Tuesday, September 2nd, 2008

The Pentagon’s Joint Forces Command has released the 2nd edition of “Joint Operations, Insights and Best Practices “, a 55 page doc of explanation and synthesis.  Good evidence of Boyd’s thought making further inroads into current military thinking but John Robb offers some caveats:

“Unfortunately, despite the good thinking in this report, the US military is getting more rigid and centralized by the day. Why? An improper usage of modern technology is enabling the automation of control and EXTREME micromanagement”

Agreed. Bureaucracy and middle level management, whose existence and authority are being marginalized by the leveling effect of information technology and network structures, are fighting a rearguard effort to use tech for panopticon monitoring of subordinates in order to eliminate discretion, paralyze autonomy and initiative while maximizing hierarchical control. Sort of a Taylorism on steroids.

Following the Online Breadcrumb Trail…..

Wednesday, August 27th, 2008

Check out Fabius Maximus on the “books vs. internet” debate with an older set of posts The Internet makes us dumber: the Bakken euphoria, a case study and Euphoria about the Bakken Formation.

and

Selil Blog where Professor Sam has done some cyberwar theorizing “From Information operations to cyber warfare and a new terrain”
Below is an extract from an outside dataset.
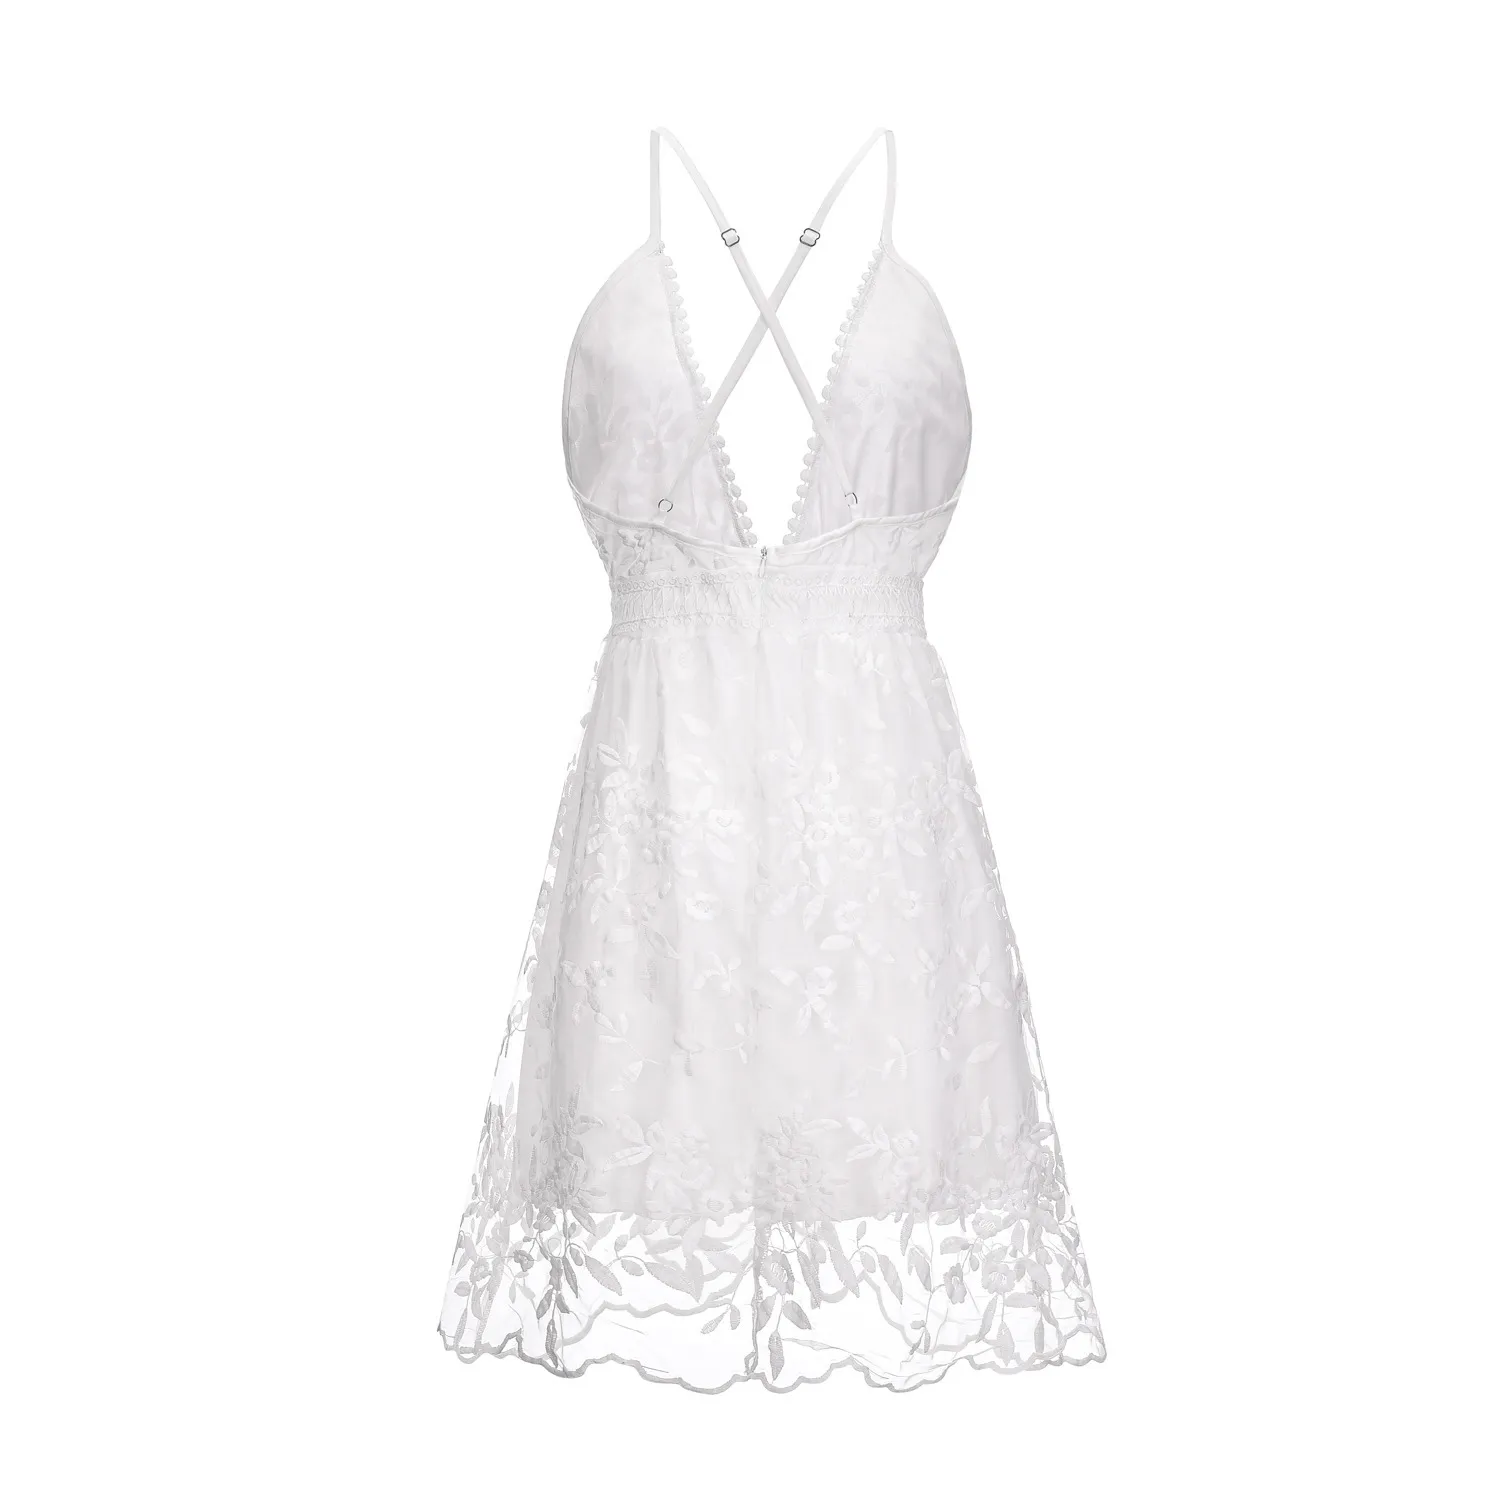 Mode blanc broderie robe florale femmes dos nu Tulle maille court Chic Boho plage Style été Mini Vestido 210427

CKR on The Utility of Force

Tuesday, August 26th, 2008

Cheryl Rofer pens a thoughtful review General Rupert Smith’s highly regarded The Utility of Force: The Art of War in the Modern World (Vintage):

…So that long-ago post was naïve, but now I’m pleased to find that a military guy agrees with me. General Rupert Smith has written a book about how war has changed in the past couple of centuries. He documents the development of what he calls “industrial war,” the sort of war that mobilizes and destroys entire industrial societies, the world wars of the twentieth century, the mental model of war that we have carried into the twenty-first. Napoleon started it, and the industrial culmination, the utilization of the energy from smashed atoms, finished it.”War no longer exists,” as Smith begins his book.

He distinguishes war from confrontation and conflict. War no longer exists, but confrontation and conflict are very much with us. The Cold War was a long confrontation, and what happened in Georgia was conflict after a continuing confrontation. It’s hard to imagine how or why any country would provoke an industrial war. Even if nuclear weapons had not been invented, the two world wars would probably have convinced us that we can’t do that any more. Nuclear weapons merely provide the emphatic ending.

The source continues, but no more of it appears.